Segment Start: Collected data

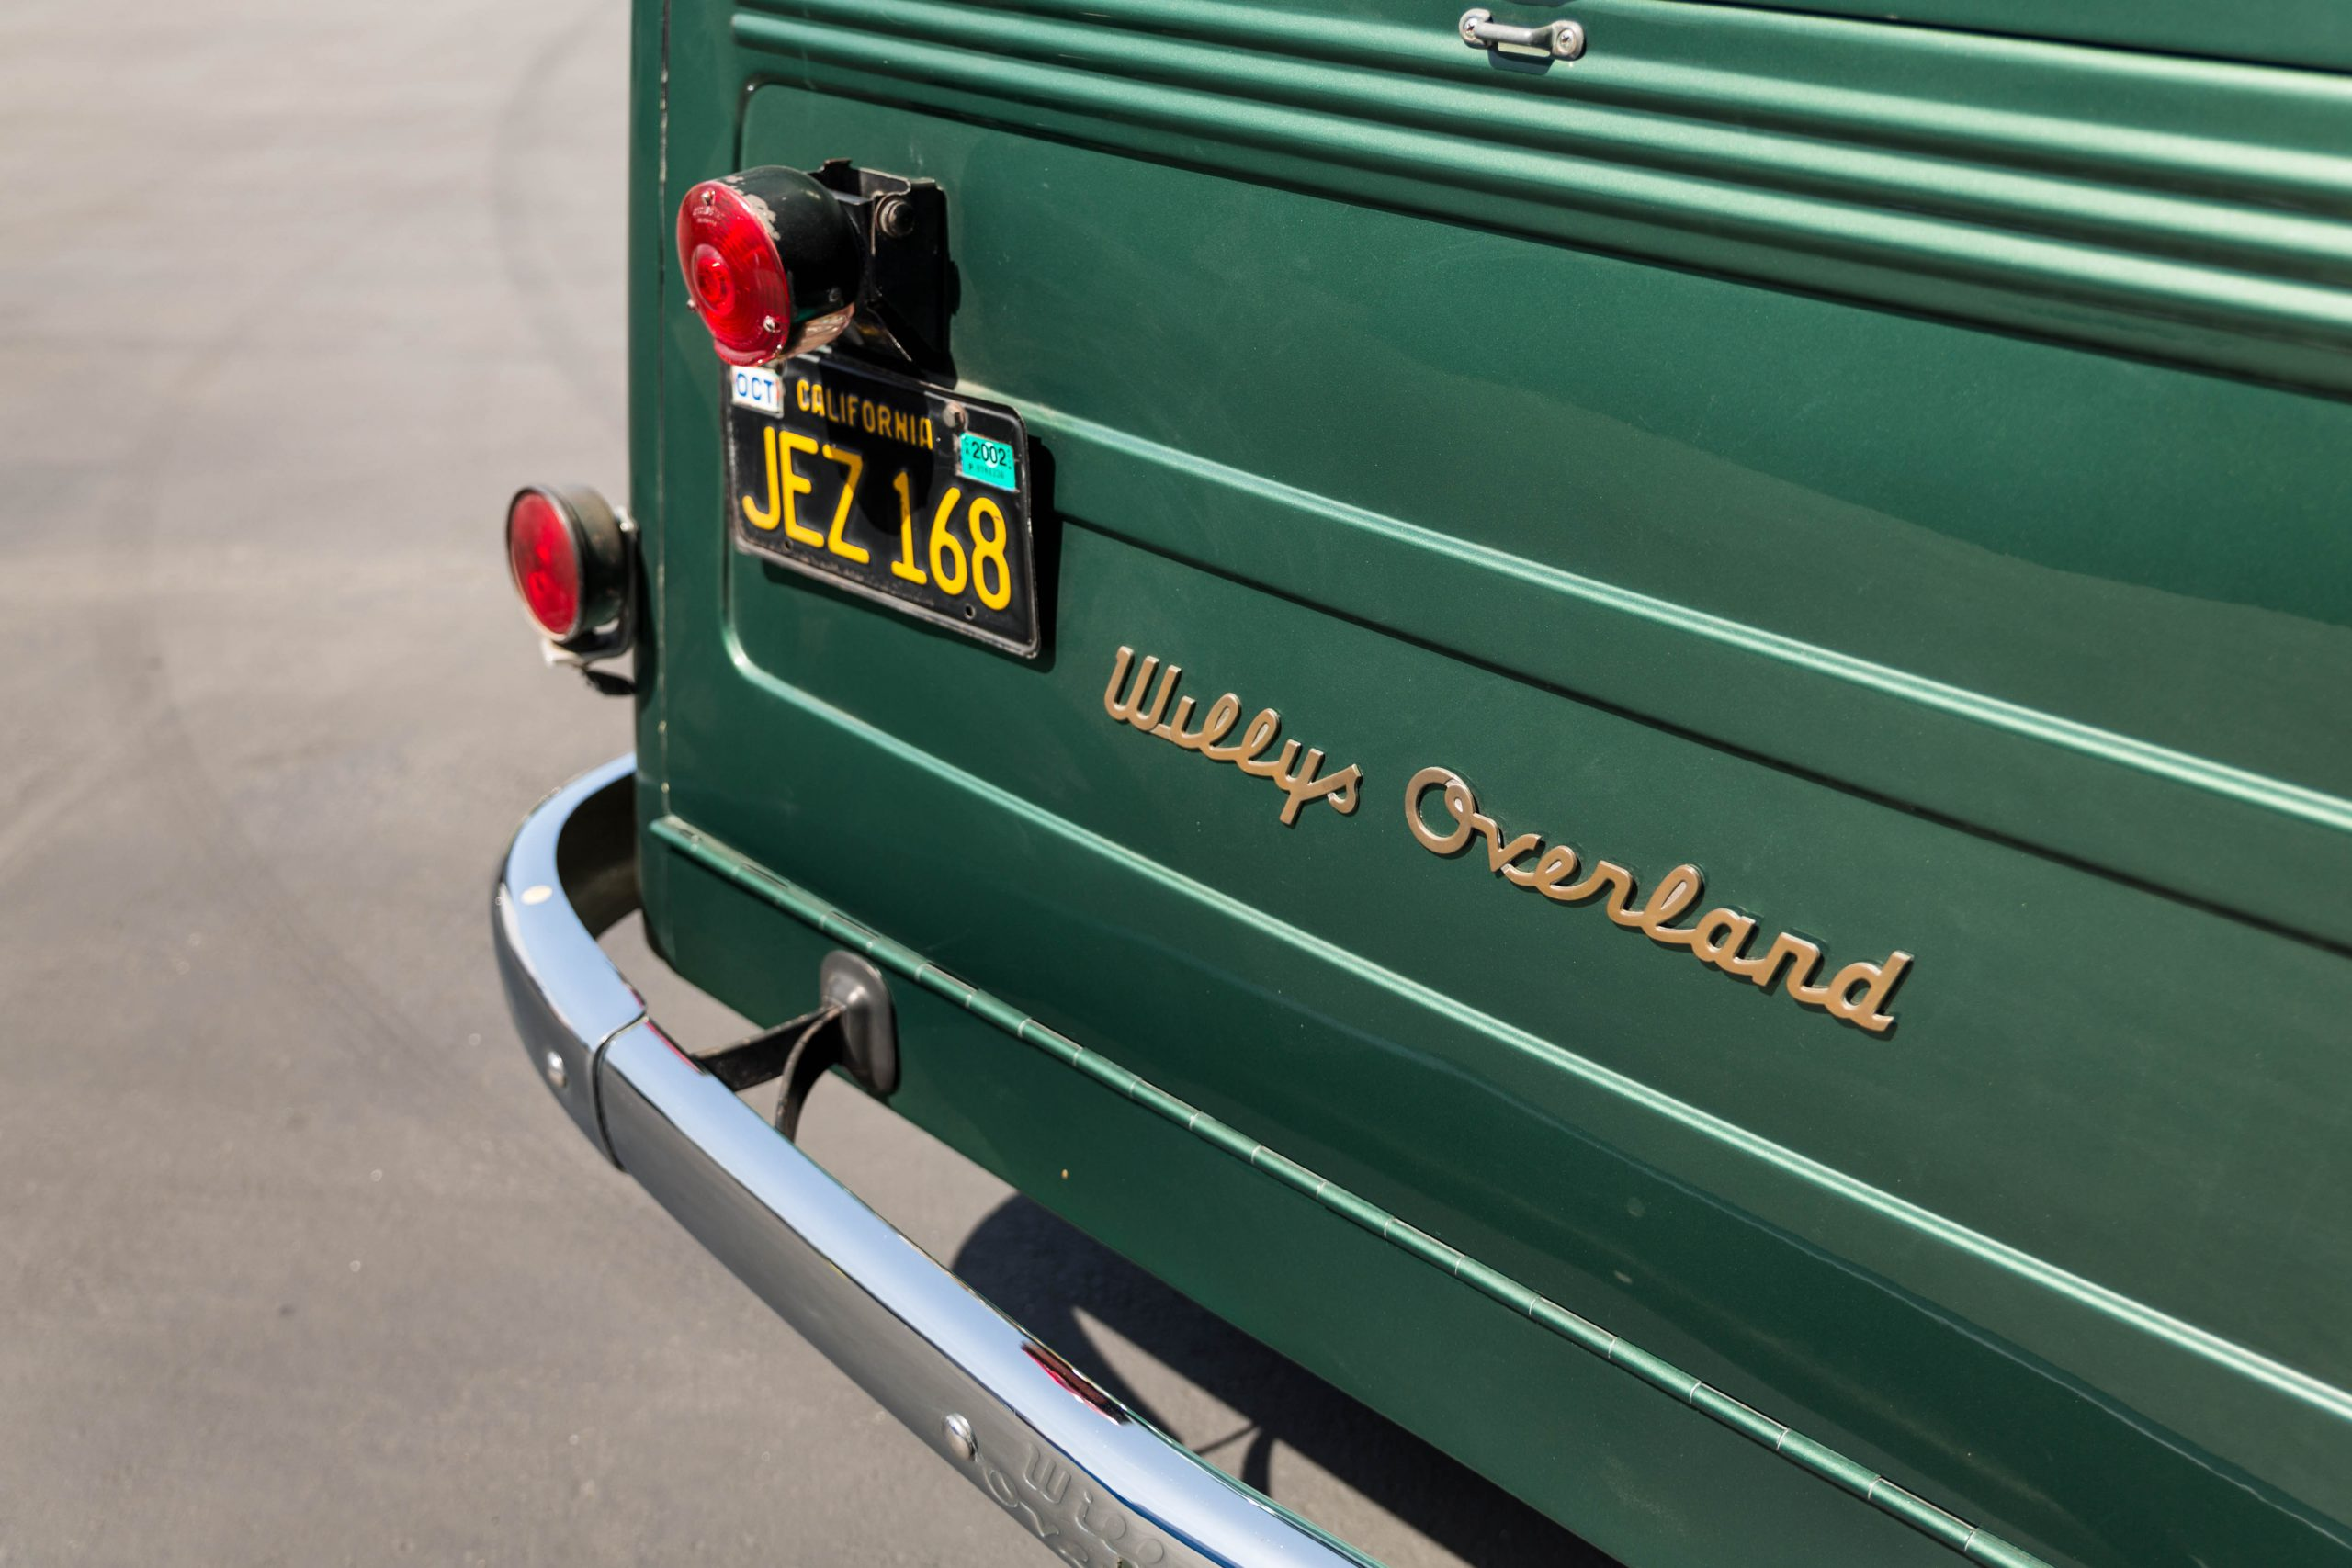 1949-Willys-Jeep-Station-Wagon-Camper rear emblem
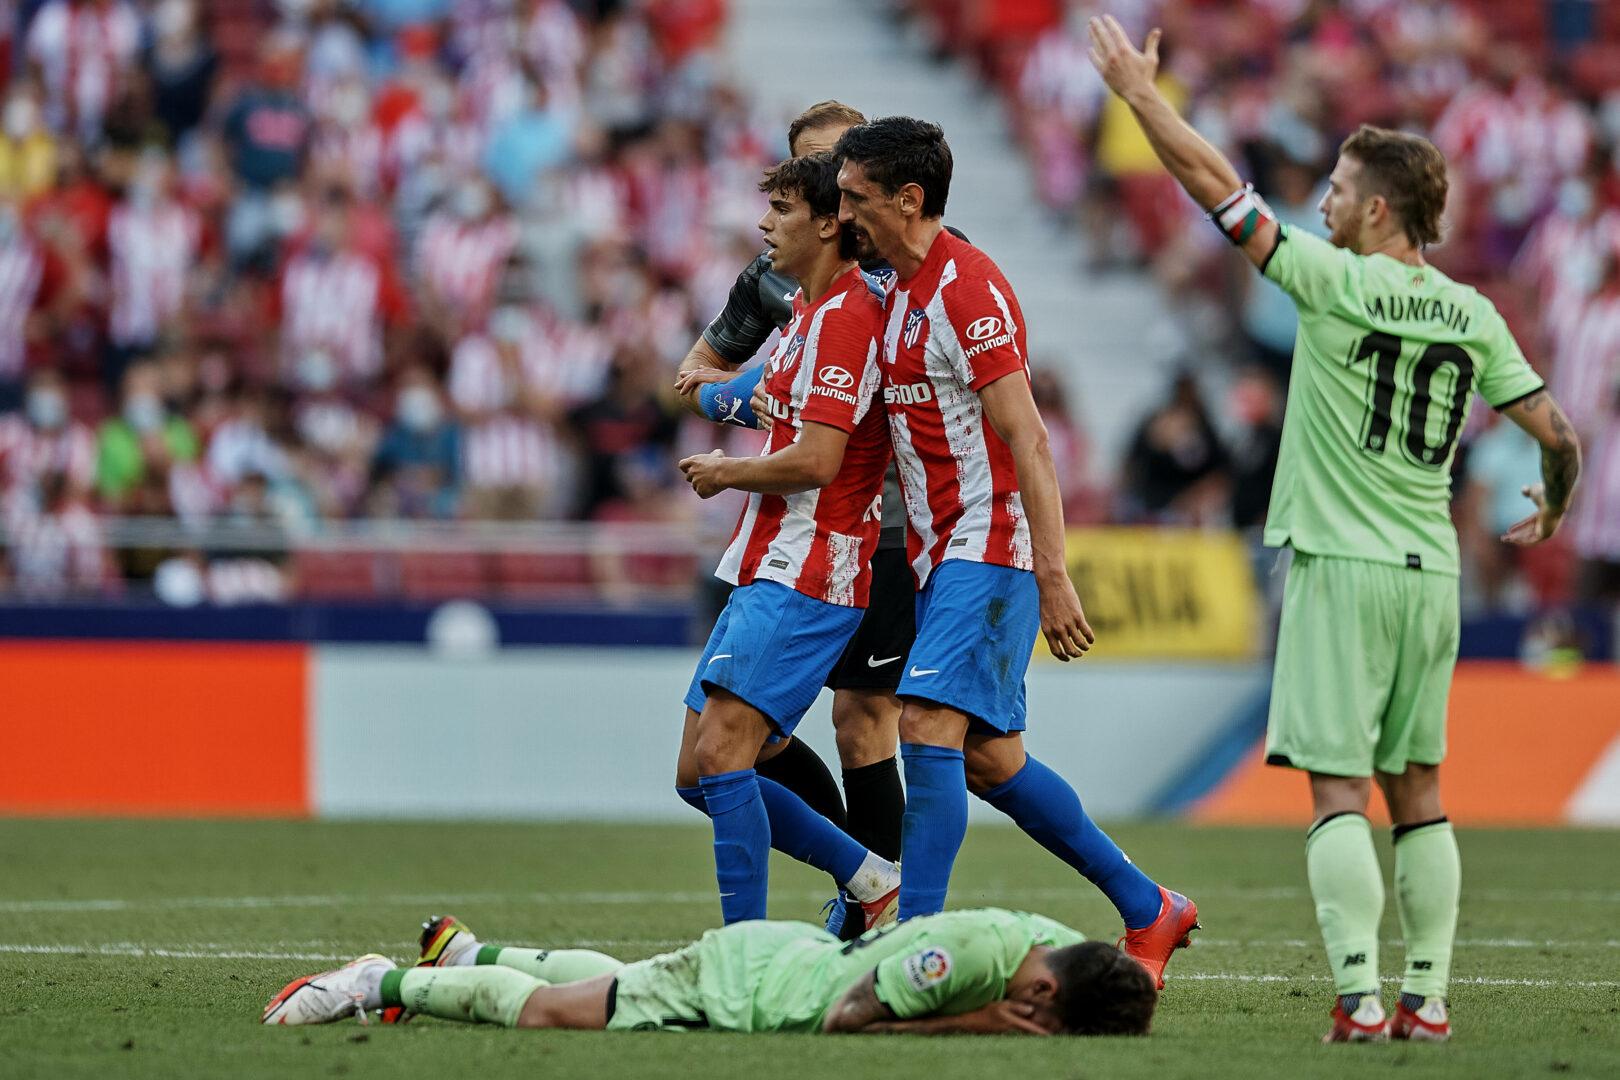 Atletico-Stürmer Joao Felix wird mit Rot vom Platz geschickt
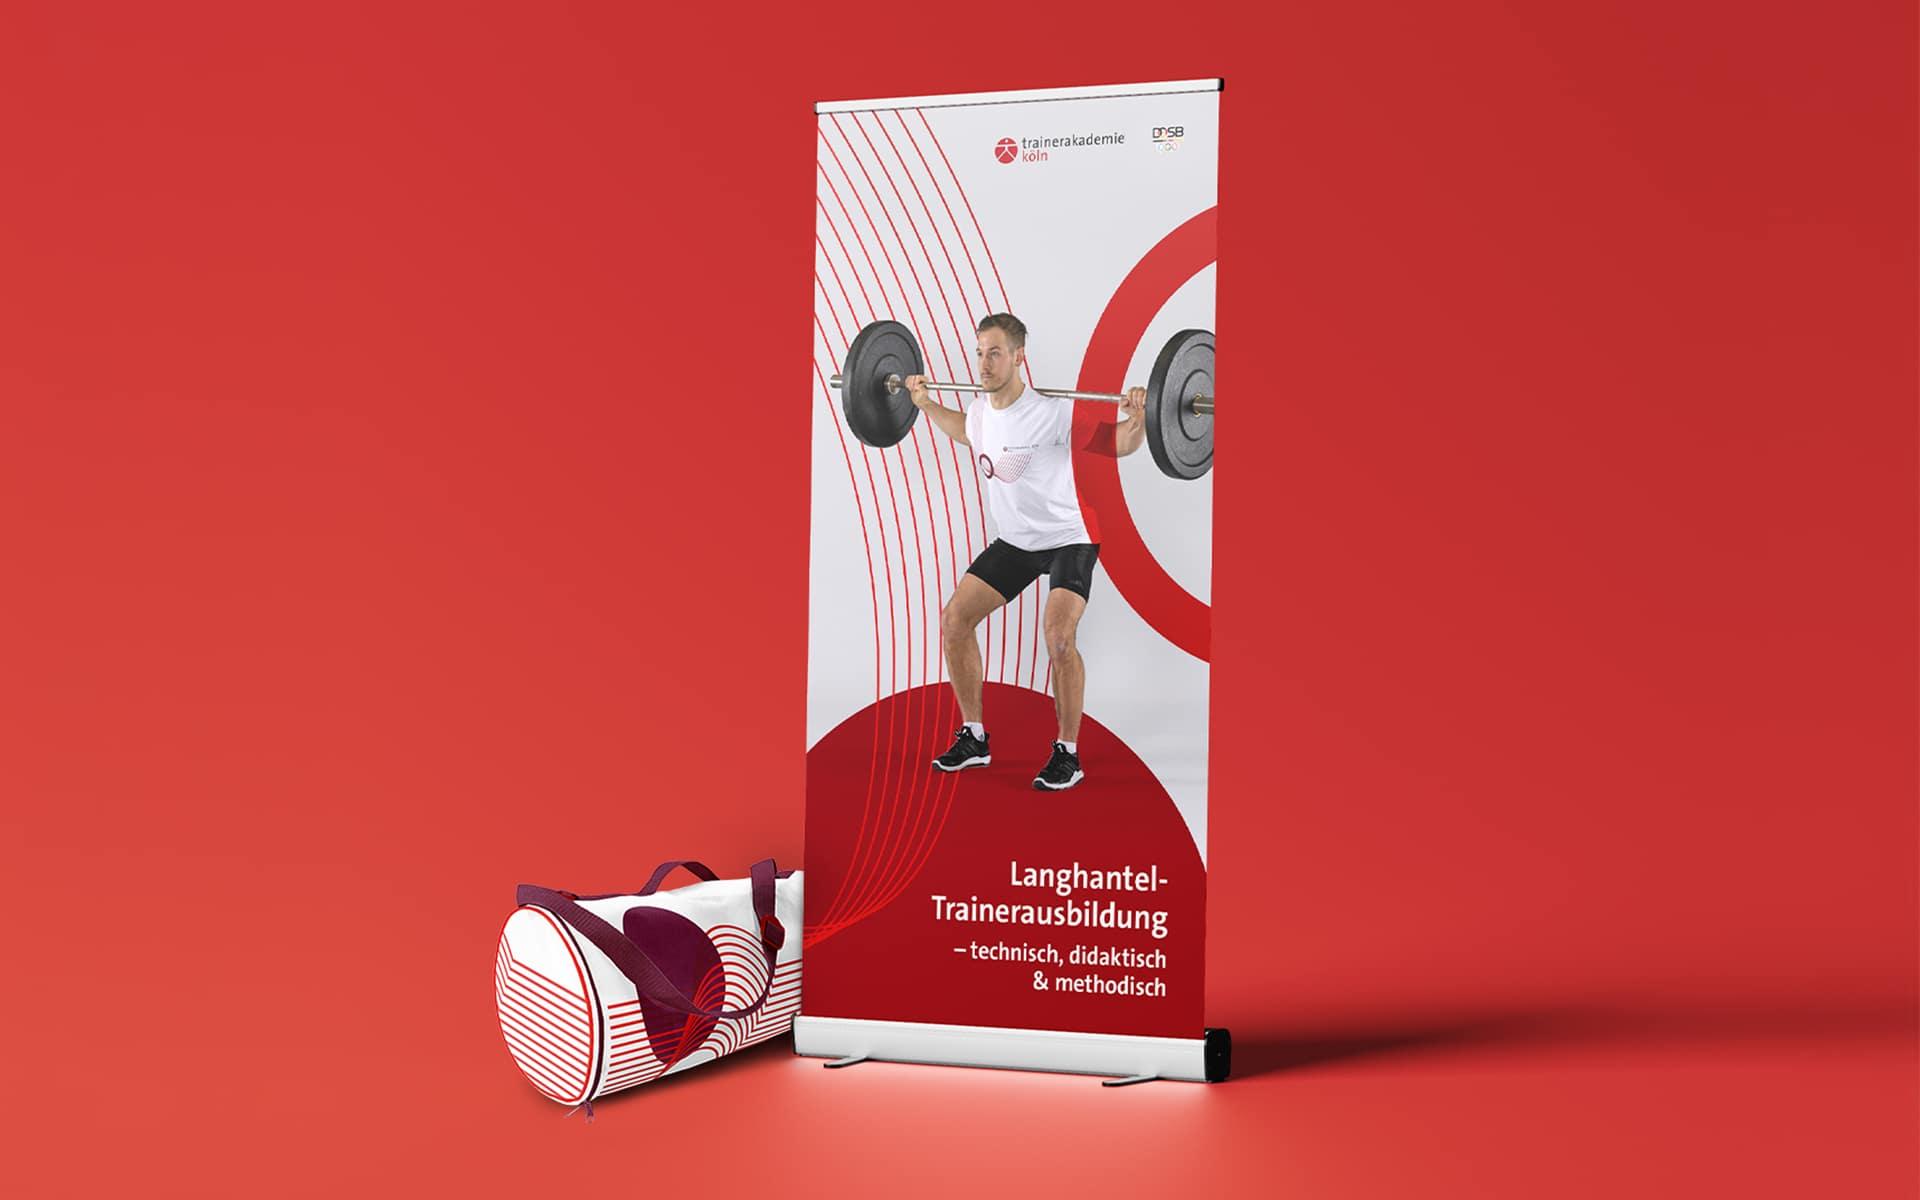 Trainerakademie Köln Corporate Design, Roll-Up-Banners

Segment End: Collected data

**Exercise instructions**
Exclude all images and retype the data precisely.

**Answer to this task**
 1949-Willys-Jeep-Station-Wagon-Camper rear emblem
 Atletico-Stürmer Joao Felix wird mit Rot vom Platz geschickt
 Trainerakademie Köln Corporate Design, Roll-Up-Banners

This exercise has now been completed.